What is being asked » Please write out every line of the listing without alteration, but omit the images.

Source material »
• • •
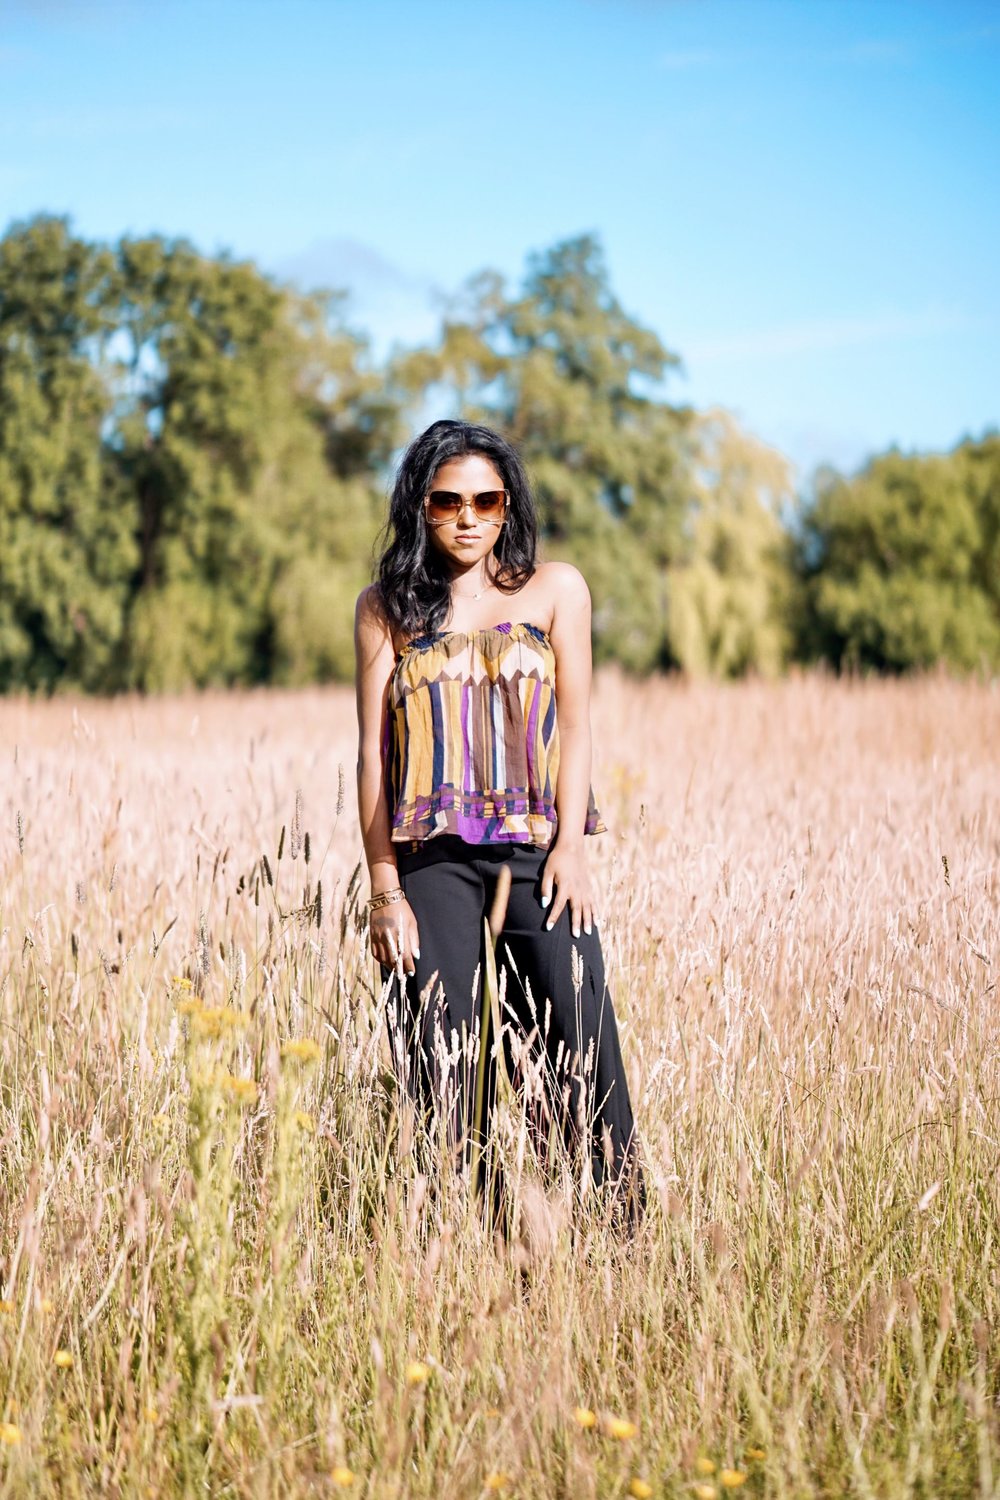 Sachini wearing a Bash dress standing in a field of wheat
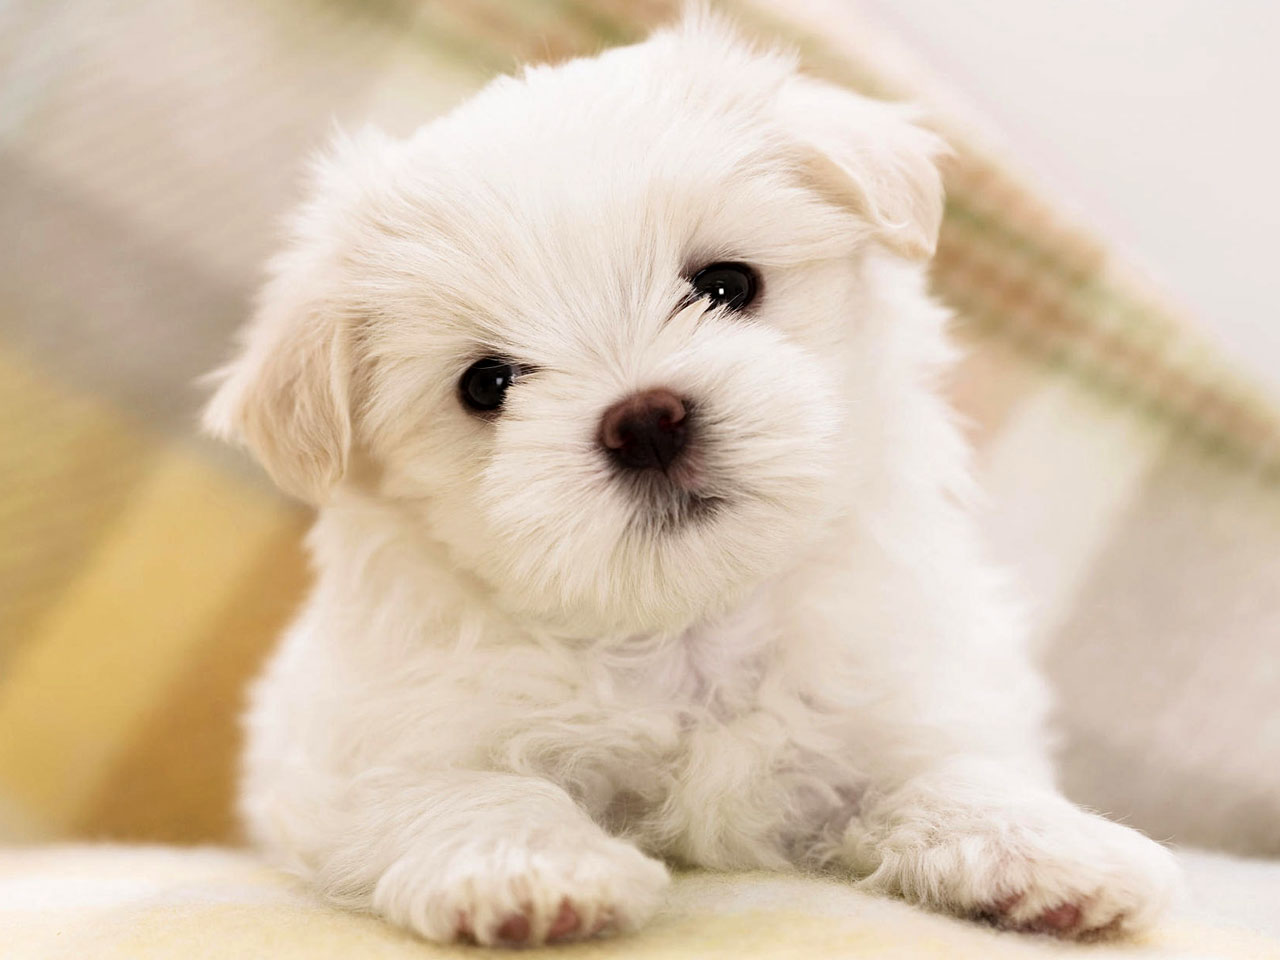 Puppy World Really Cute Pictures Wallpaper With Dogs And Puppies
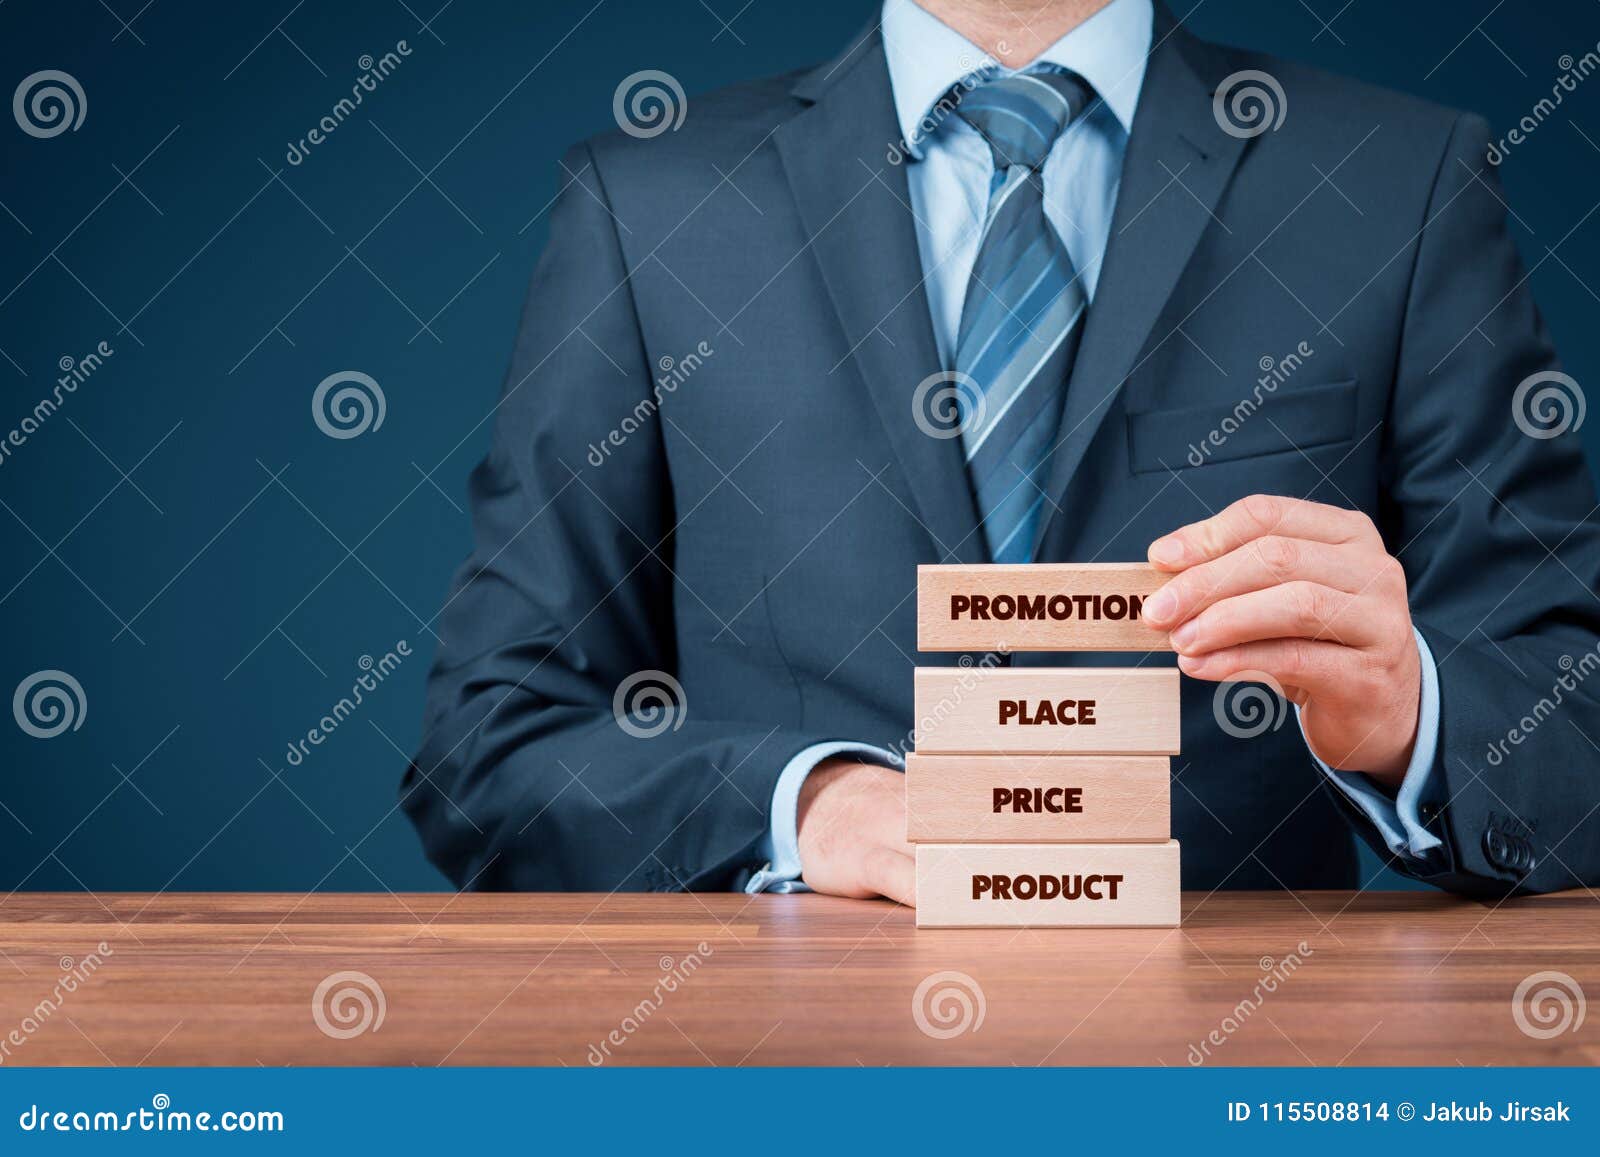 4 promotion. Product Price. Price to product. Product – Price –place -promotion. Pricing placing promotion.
• • •
Result »
 Sachini wearing a Bash dress standing in a field of wheat
 Puppy World Really Cute Pictures Wallpaper With Dogs And Puppies
 4 promotion. Product Price. Price to product. Product – Price –place -promotion. Pricing placing promotion.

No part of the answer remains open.